Scurrah now runs freight outfit Pacific National, and we’ve already reported on his wife, Nicole, this week, noting that she recently started corporate play Create Advisory after walking out on her partnership at Sayers Group.
And, yes, Scurrah and Murphy were eventually forced to make some eye contact as they disembarked from the aircraft. We’re told pleasantries were exchanged.
Tough transition
What a joy to see the Business Council of Australia finally pick a successor to CEO Jennifer Westacott after their right cocking up of the recruitment over the past eight months. Imagine having a competent CEO-elect ready at hand in Kate Pounder, of the Technology Council of Australia, only to then fruitlessly squander that appointment by agreeing to a late entree from Stuart Ayres, a former NSW Liberal minister (trailed by scandal) whose name didn’t quite jive with the old boys in Canberra. When that failed, the BCA board went grovelling back to Pounder, begging her to take the job. Naturally she told them where to go.

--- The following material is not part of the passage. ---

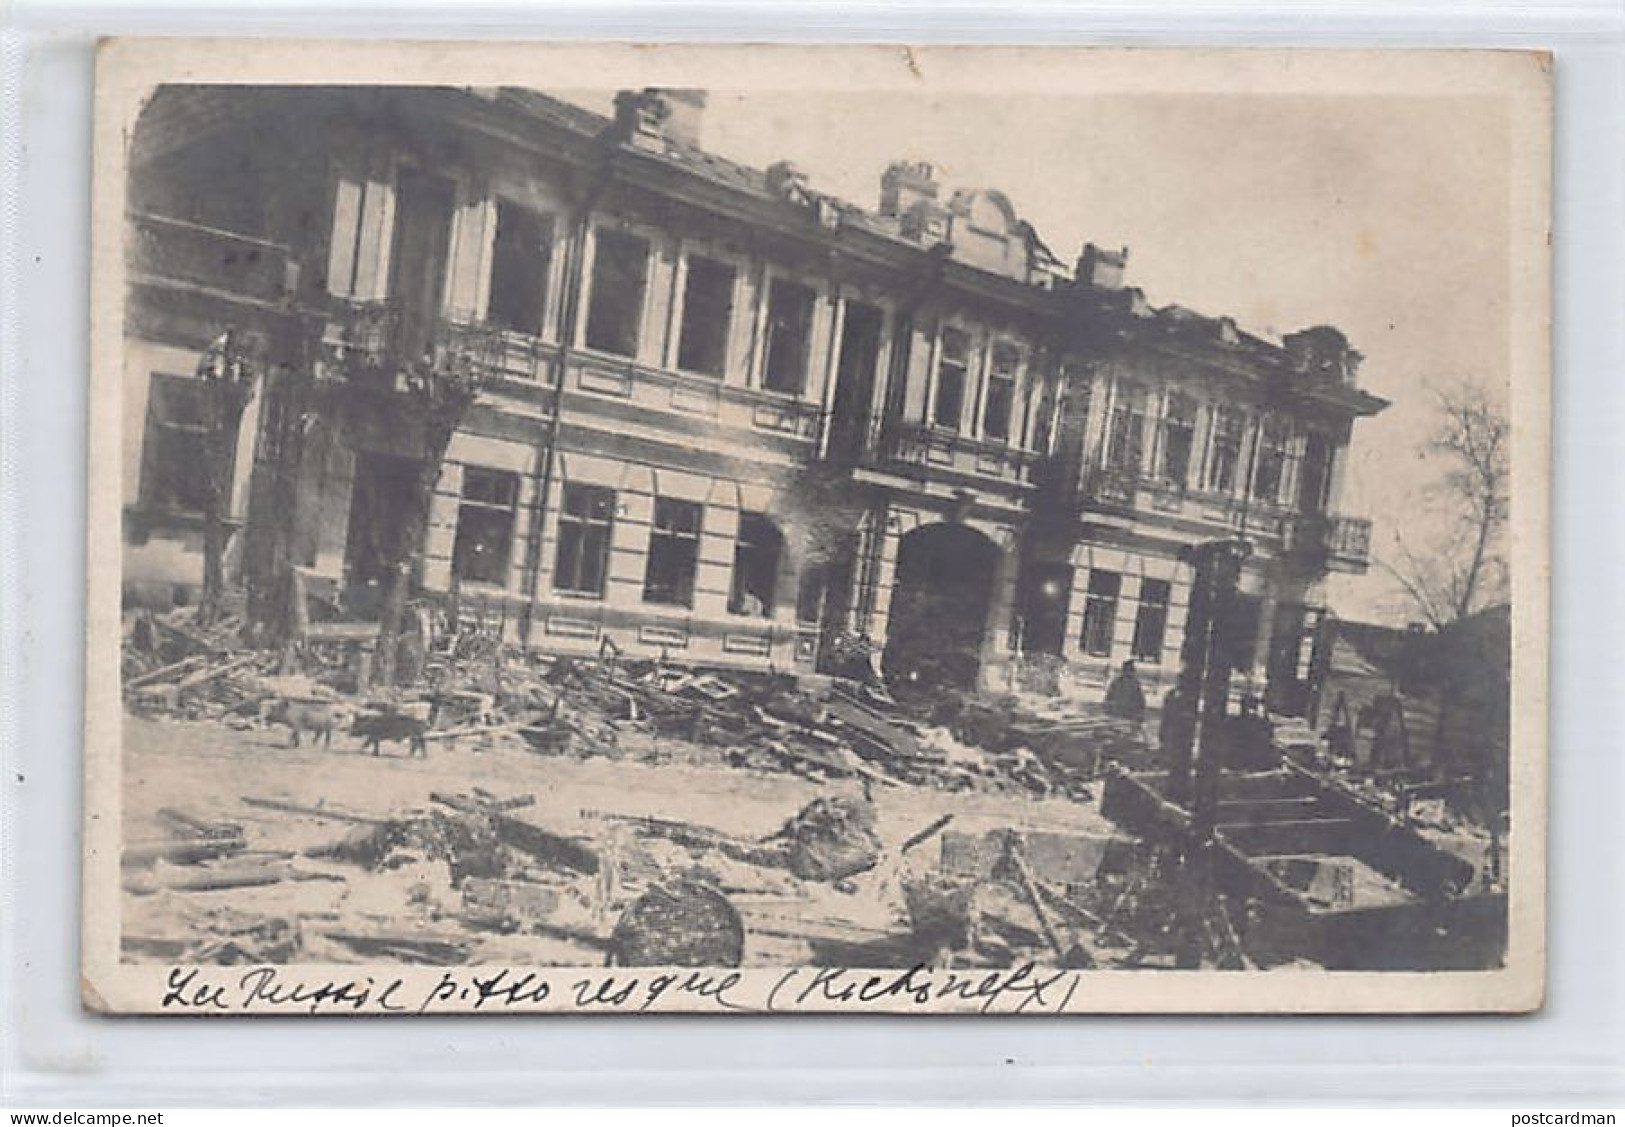 JUDAICA - Moldova - Kishinev Pogrom (April 1903) - Aspect Of The Main Street After The Riot - Part Of The 3 Postcards Se - Judaisme

Margin Call broke the news on Friday that Bran Black, erstwhile the chief of staff to former NSW premier Dominic Perrottet, had been appointed to the role instead, and, sure enough, the BCA limped to the announcement by the afternoon with an email to its members. “Bran has a unique understanding of how to deliver practical economic and social reforms by bringing together business, governments and academia in strong collaborative partnerships,” it said.
Presumably it’s a soft landing from the hardships he faced running the often shambolic Perrottet government for 18 months.